Transcendental Meditation

Father Gabriel Mejia: religion and meditation

Father Gabriel Mejia, the founder of 47 children’s shelters in Colombia, describes his experience learning the Transcendental Meditation technique with one word: happiness.

This video, published by the Transcendental Meditation channel, is an excerpt from “Saving the Disposable Ones” –  a documentary about the heartbreaking streets of inner city Colombia, where Father Gabriel Mejia is transforming the lives of thousands of children.

“I meditate in a very simple way,” says Father Mejia, “without any effort.”

“When I learnt the Transcendental Meditation technique, I was very impressed. I would define it in one word, one phrase: happiness. You experience happiness and bliss when you practice the technique.

Catholic religion and Transcendental Meditation

father-gabriel-mejia about catholic religion and meditation

Now operational in 52 centers across Colombia, the Hogares Claret Foundation set up by Father Mejia in 1984 has perfected its own therapeutic model with an international ISO certificate.
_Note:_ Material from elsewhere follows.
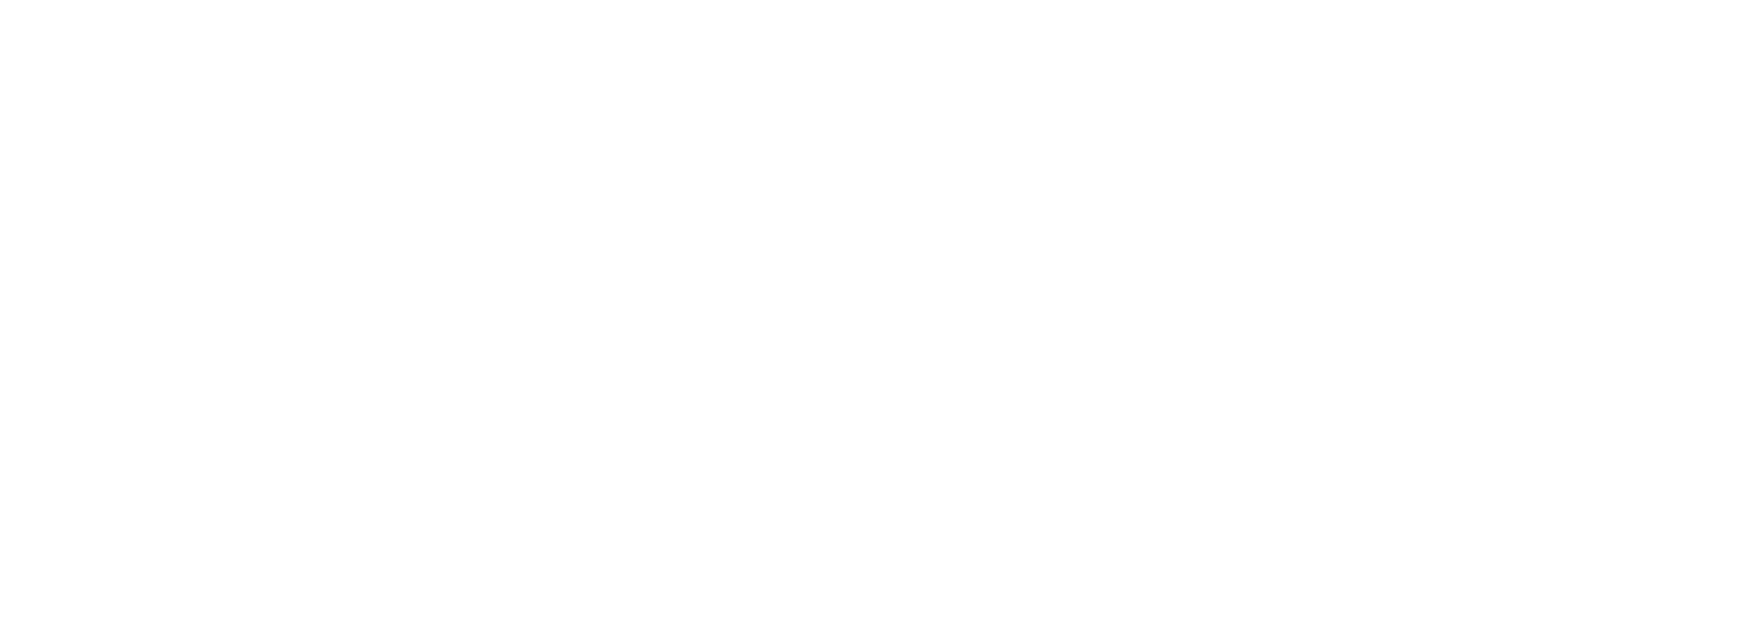 Big Instagram Logo - Instagram Logo Big
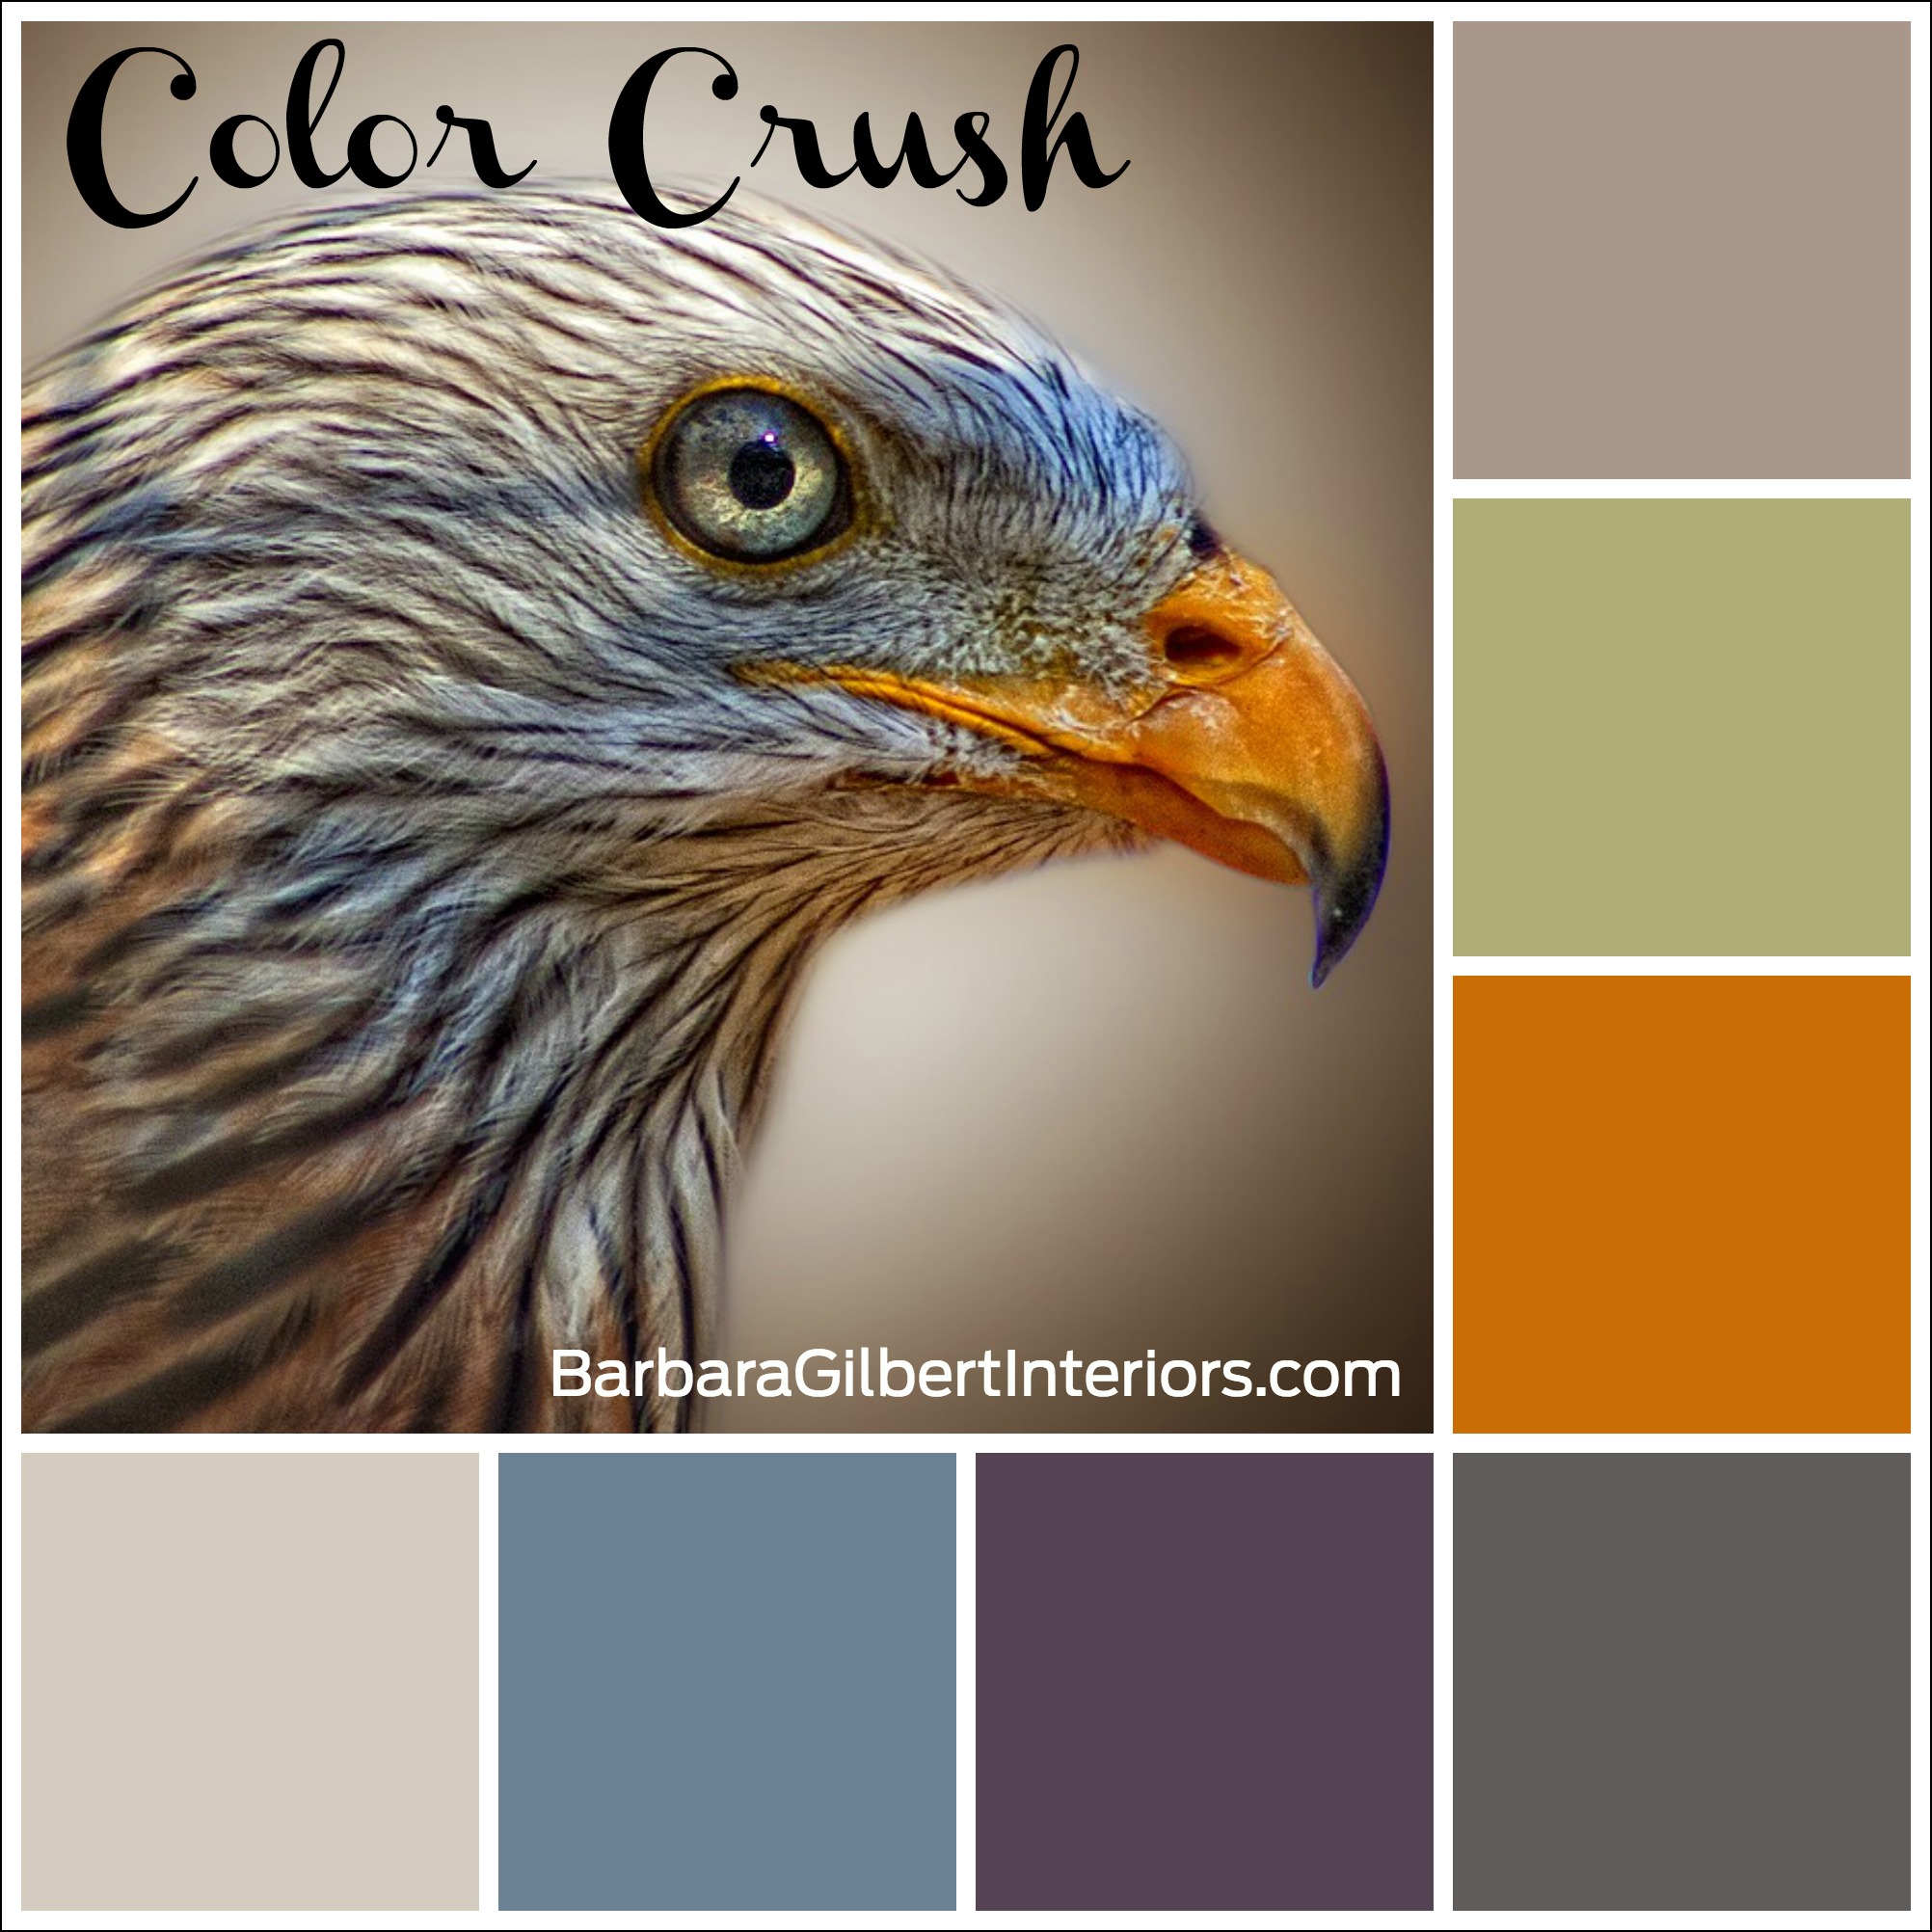 Color Crush: Bird of Prey | Interior Design Dallas | Barbara Gilbert Interiors

At any given time, the centers serve more than 3,500 orphans, homeless and young drug addicts — offering them food, shelter, education, and Transcendental Meditation classes.

“For me, as a Catholic priest, saying my prayers, celebrating communion, reading the Psalms, is all part of the structure of a religious life and a religious commitment. Transcendental Meditation does not take the place of the communion,” explains Father Mejia.

TM is a space for personal development that prepares me to experience the liturgy in its fullness.”

Transcendental Meditation is a scientific technique whose benefits have been validated through more than 350 research studies.

The practice of the technique does not involve contemplation about any religious or secular ideas, nor does it involve concentration, which is characteristic of some religious practices. It is simply a universal technology of consciousness that allows the active mind to settle to its silent self-referral state.